[Exercise objective] Repeat exactly the lines of the records below, starting at the line containing "primer plano de" and ending at the line containing "Una persona lavándose". Leave the pictures out.

The input Start Marker

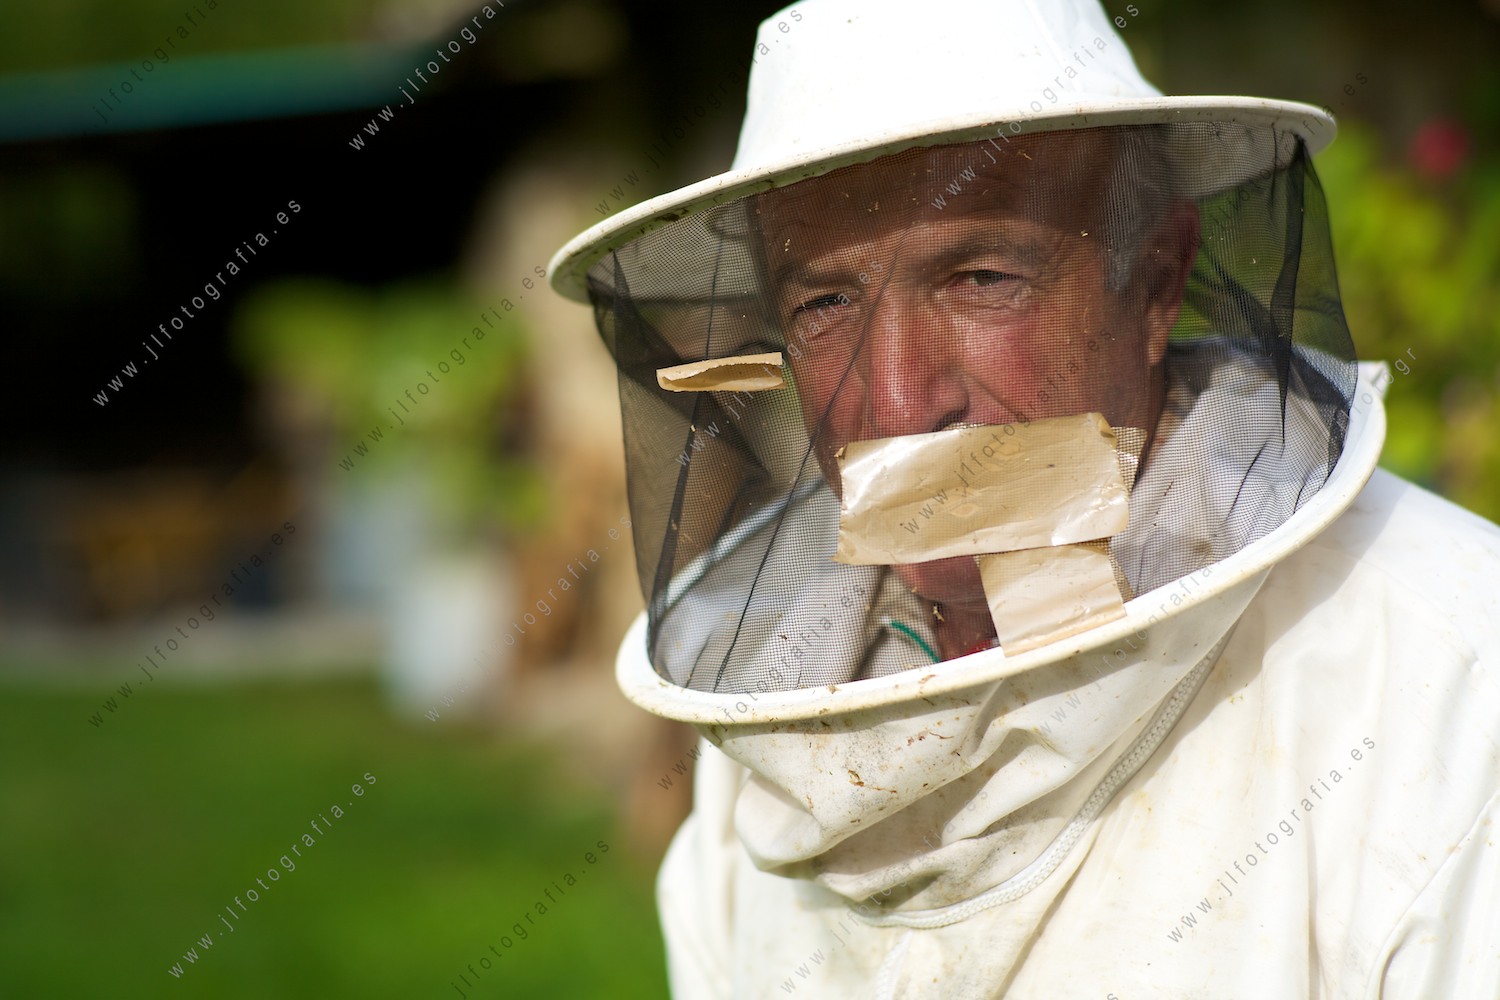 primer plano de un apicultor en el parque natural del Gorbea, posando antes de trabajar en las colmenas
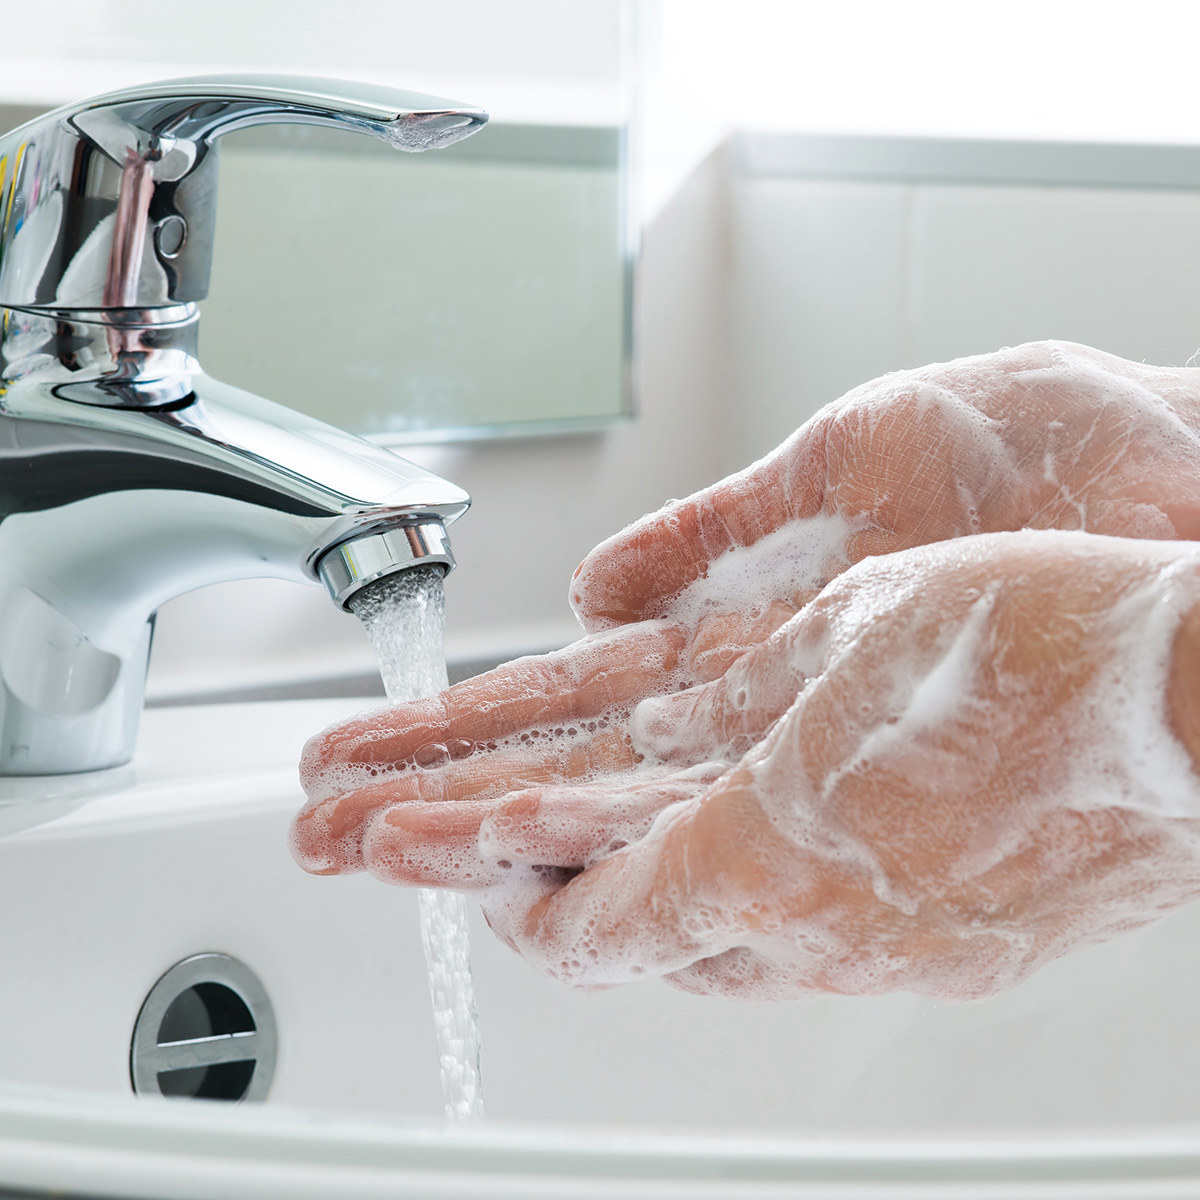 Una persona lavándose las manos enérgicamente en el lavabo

The input End Marker
The input Start Marker

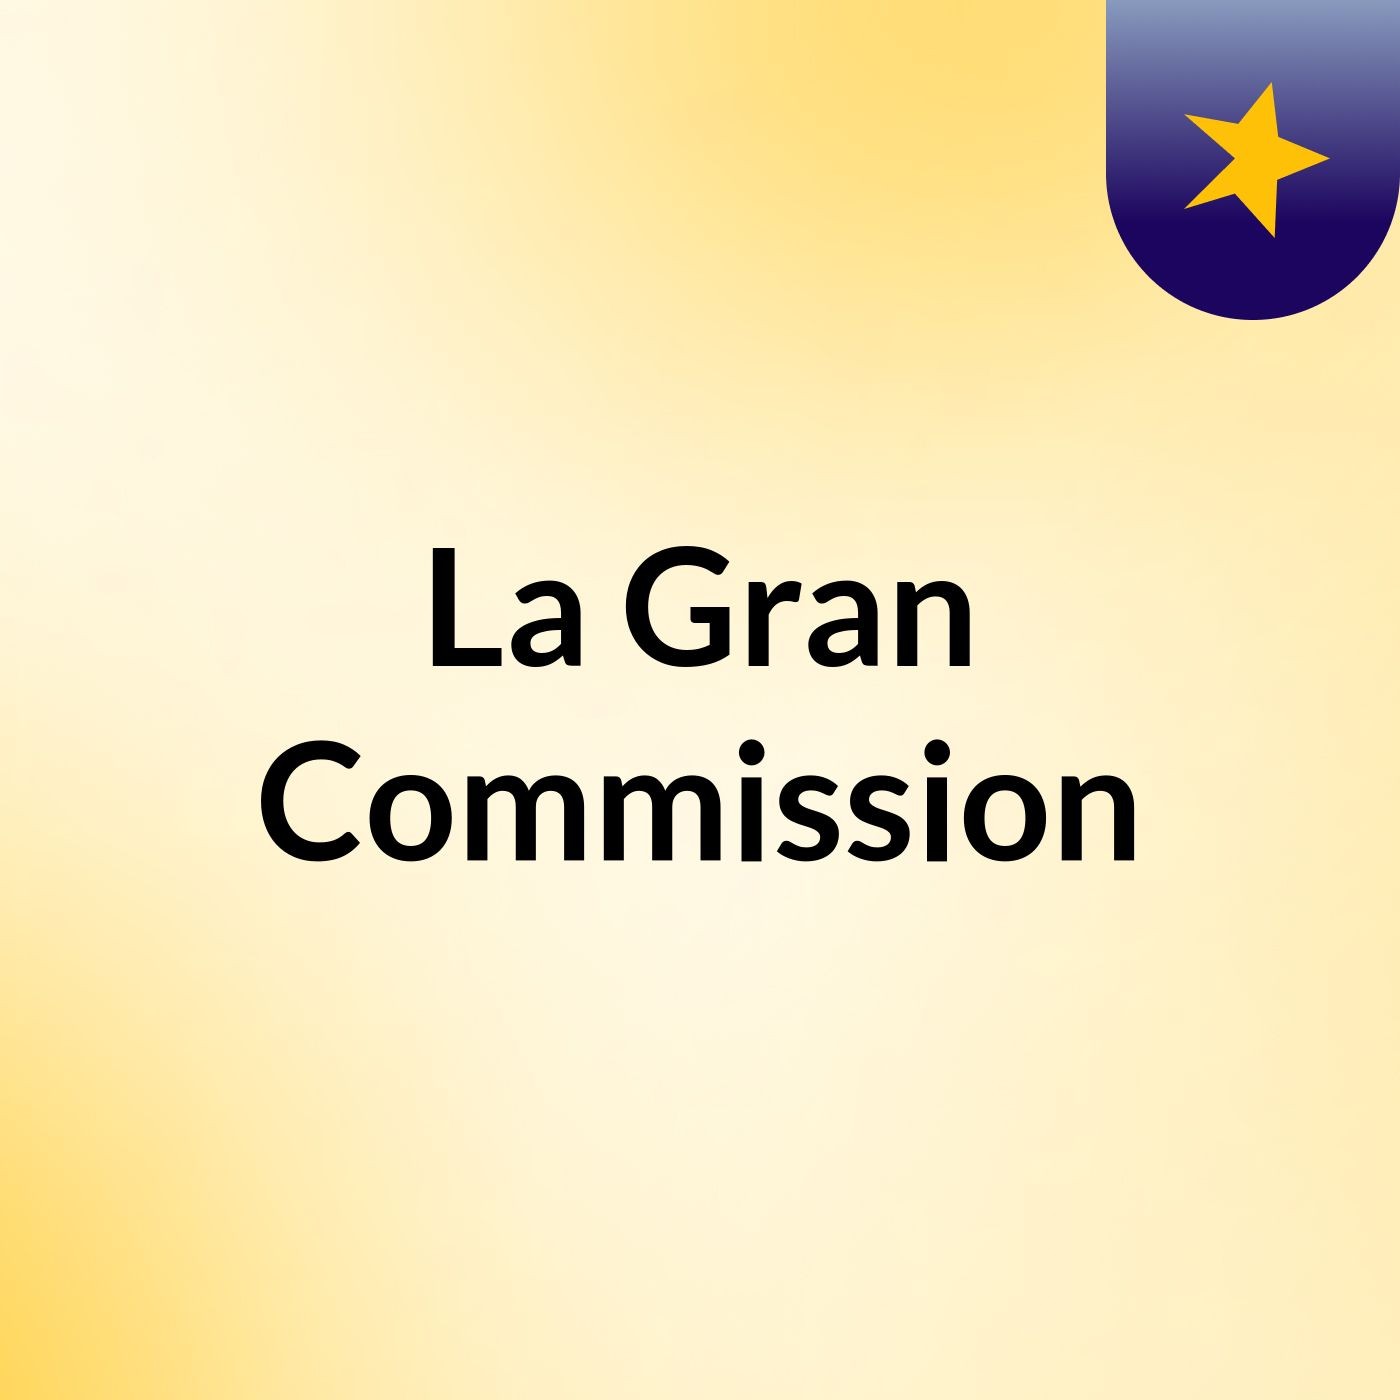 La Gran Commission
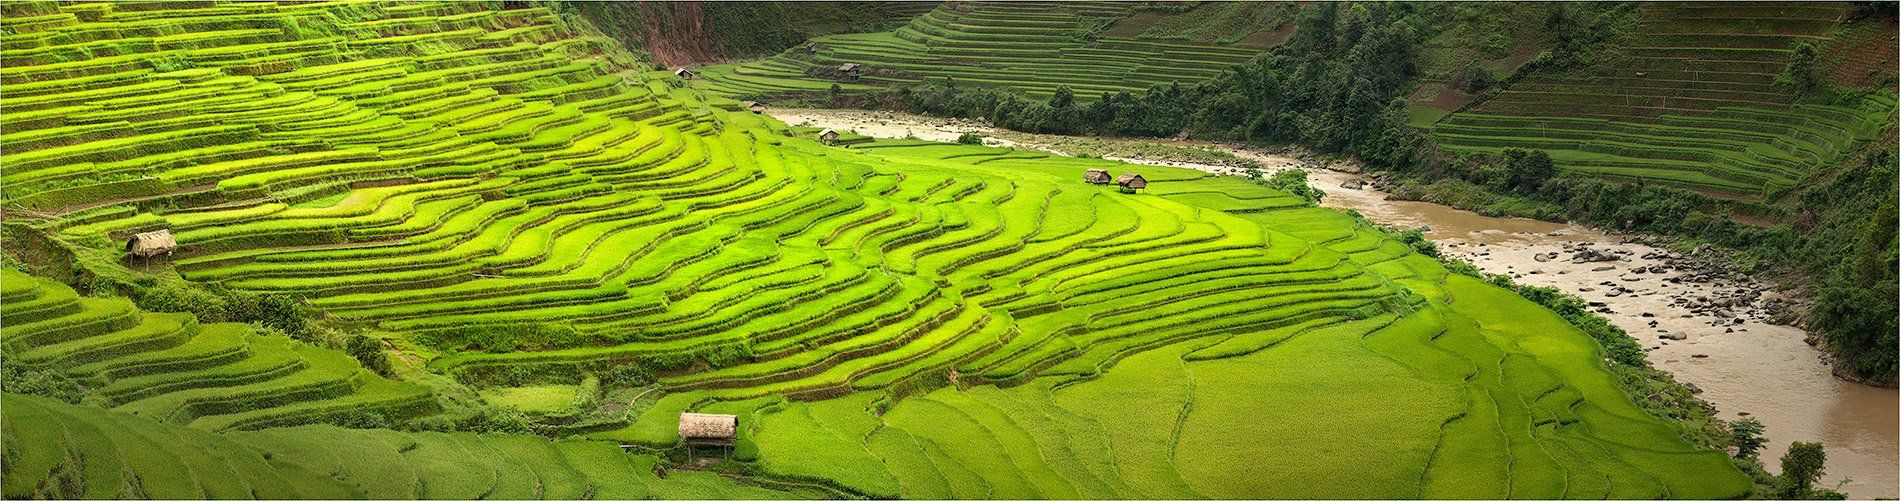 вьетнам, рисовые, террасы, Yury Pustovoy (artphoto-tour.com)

The input End Marker

[Exercise response]
 primer plano de un apicultor en el parque natural del Gorbea, posando antes de trabajar en las colmenas
 Una persona lavándose las manos enérgicamente en el lavabo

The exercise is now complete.